Uncontrolled search path element issue exists in Pupsman versions prior to 3.9.0. If a crafted DLL file is placed in the same folder as the affected installer and the installer is executed, arbitrary code may be executed with SYSTEM privilege.
Casky was already ahead
This CVE exploits attack patterns that Casky's 0matched skills already investigate — long before this vulnerability was disclosed. Claude's reasoning model maps these techniques to MITRE ATT&CK, so practitioners who ran these skills have already seen the threat behaviour in their findings.
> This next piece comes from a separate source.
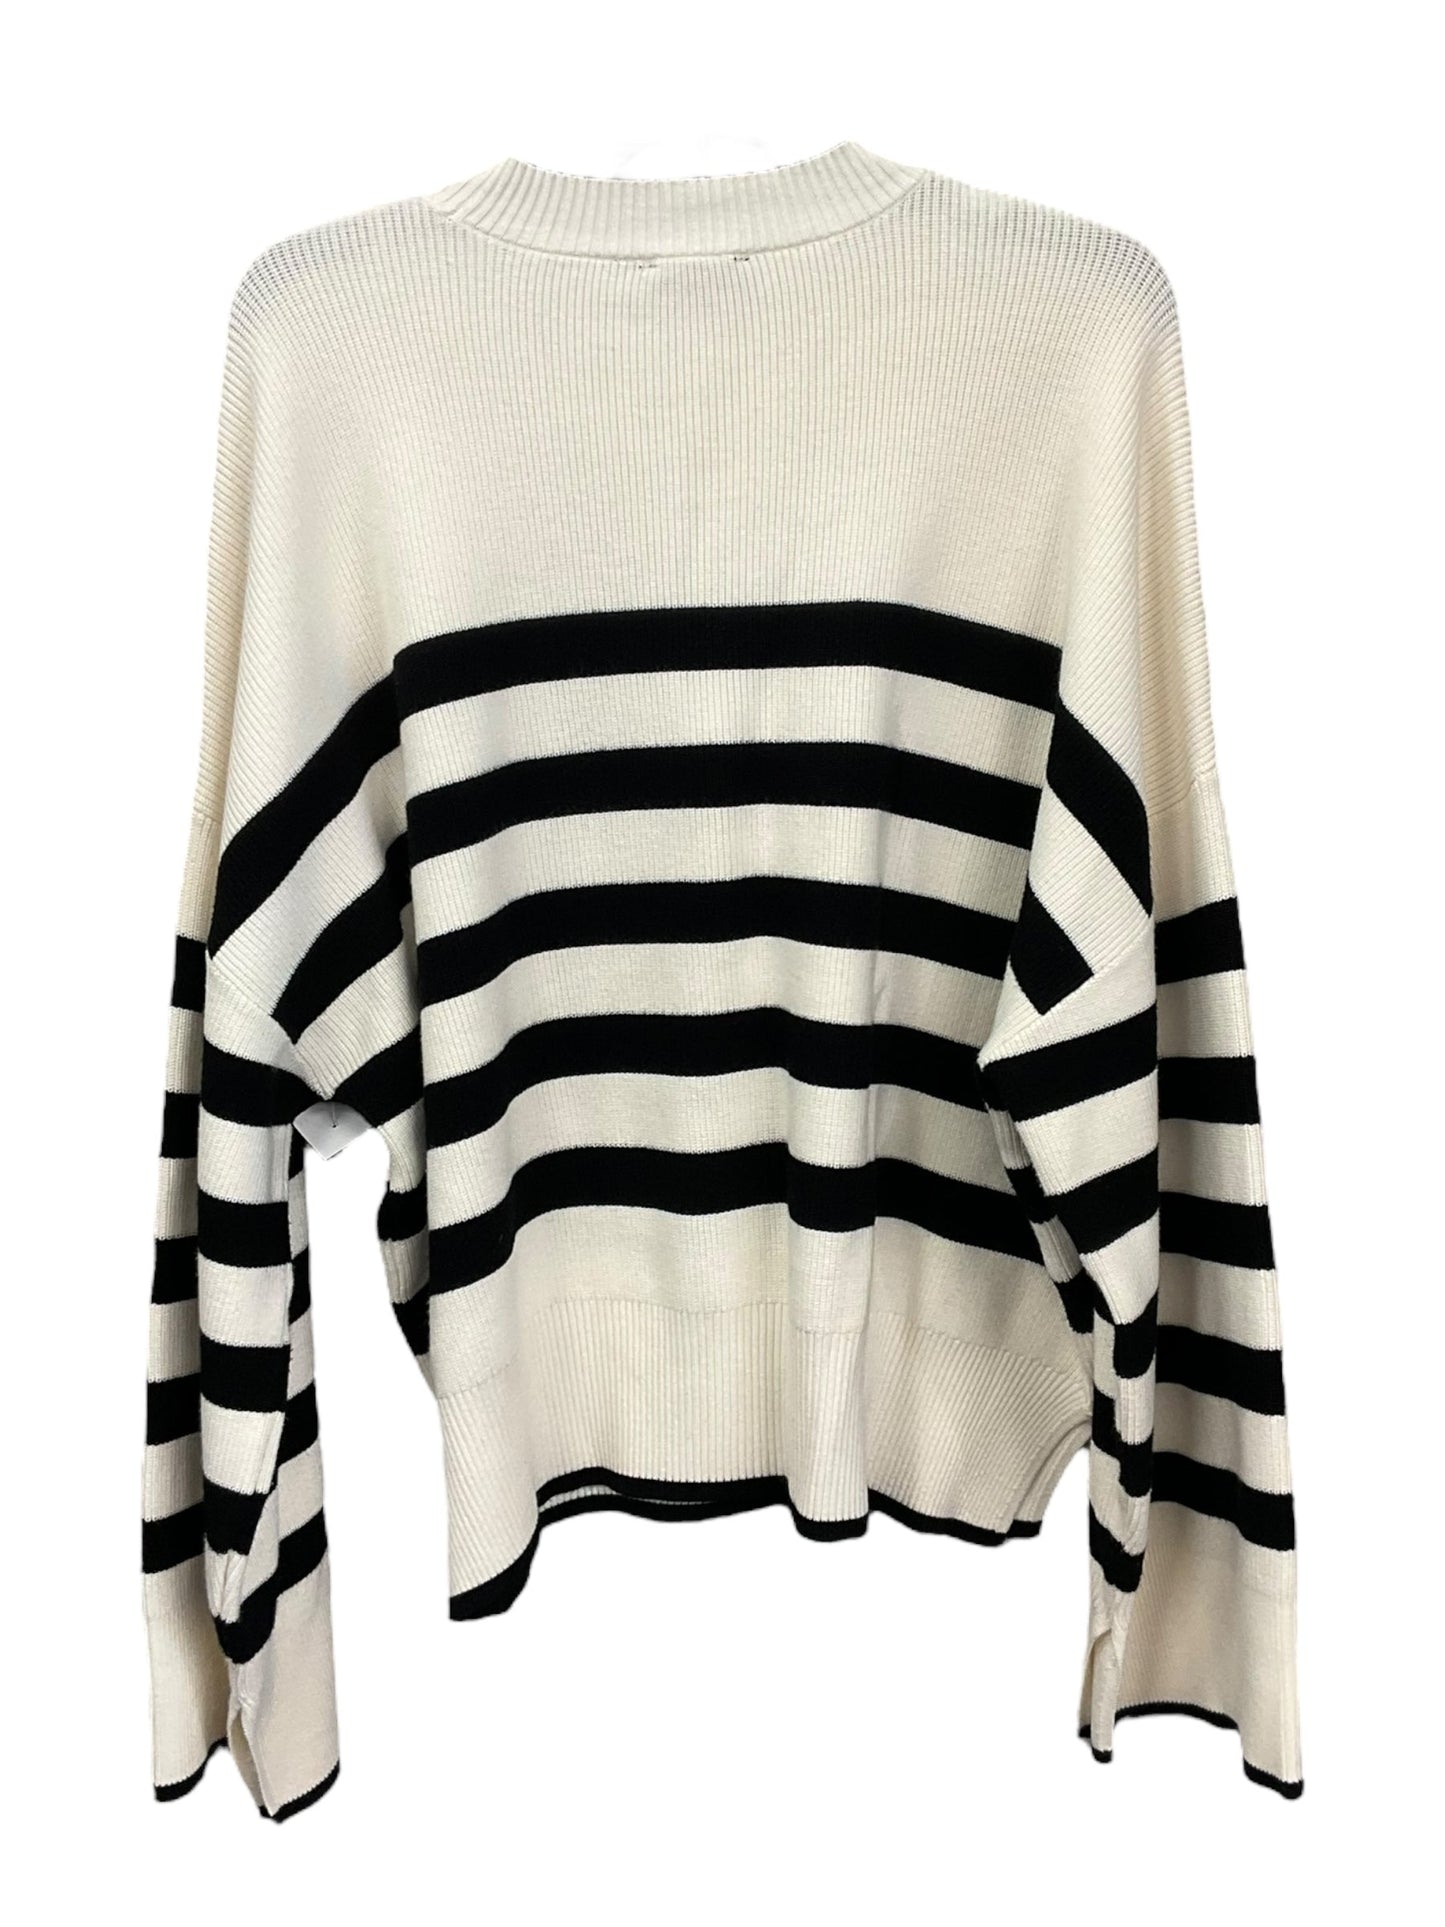 Striped Pattern Sweater Clothes Mentor, Size Xl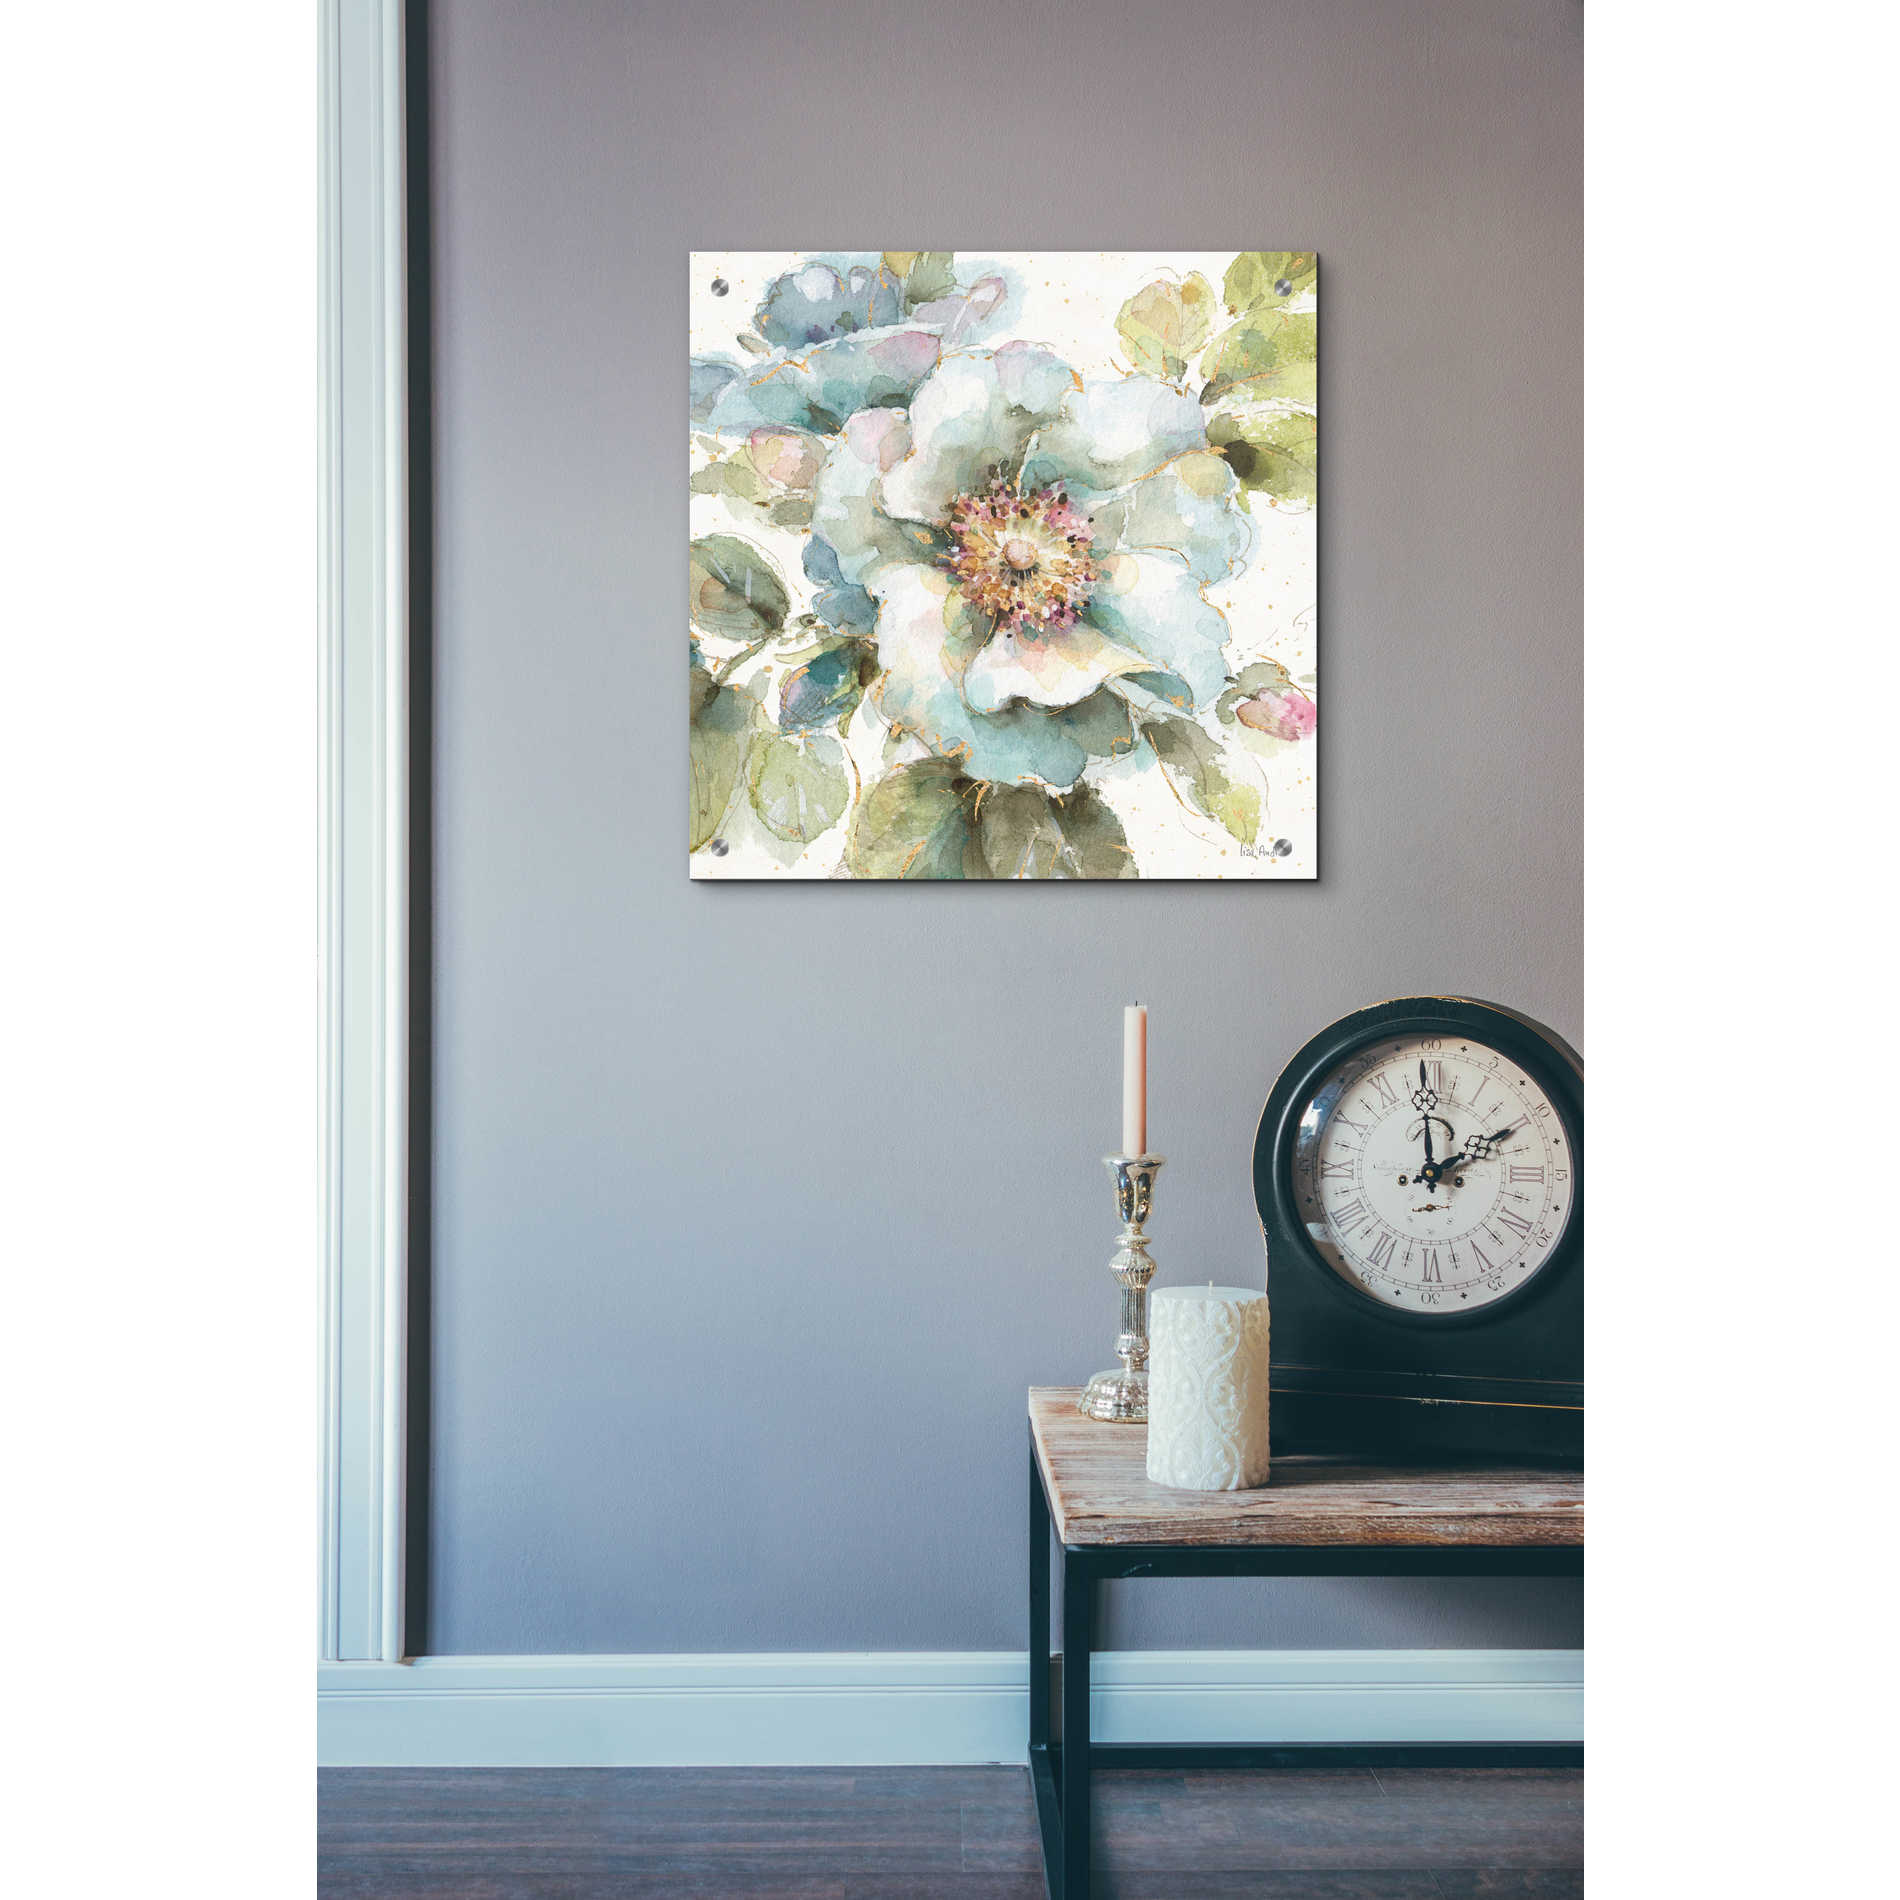 Epic Art 'Country Bloom VII' by Lisa Audit, Acrylic Glass Wall Art,24x24

CVE-2026-56437 is a DLL hijacking vulnerability affecting Pupsman installer versions before 3.9.0. An attacker can place a malicious DLL in the same directory as the installer executable. When the installer runs, Windows' standard search path resolution causes it to load the attacker-controlled DLL instead of the legitimate system library, resulting in arbitrary code execution with SYSTEM privileges. This matters because installers typically run with elevated permissions, making this a critical privilege escalation vector. Organizations using Pupsman for software deployment, system administration, or endpoint management are directly affected, particularly in environments where users have write access to installation directories or where installers are downloaded and executed from shared locations.
While this specific CVE currently lacks mapped MITRE ATT&CK techniques and matches zero Casky skills, practitioners should monitor for the attack patterns underlying DLL hijacking: T1547 (Boot or Logon Autostart Execution), T1574 (Hijack Execution Flow), and T1547.008 (LSASS Driver). When analyzing Pupsman deployments, Casky's extended reasoning capabilities would help practitioners detect suspicious file creation events in installer directories, monitor for unsigned or anomalous DLL loading before installer execution, and identify process behavior anomalies indicating code execution at SYSTEM level. Security teams should focus on behavioral indicators—unexpected child processes spawned by the installer, registry modifications under SYSTEM context, or network connections from SYSTEM-level processes—rather than relying on signature-based detection. The lack of current ATT&CK mapping underscores the importance of continuous threat intelligence integration to catch emerging exploitation patterns early.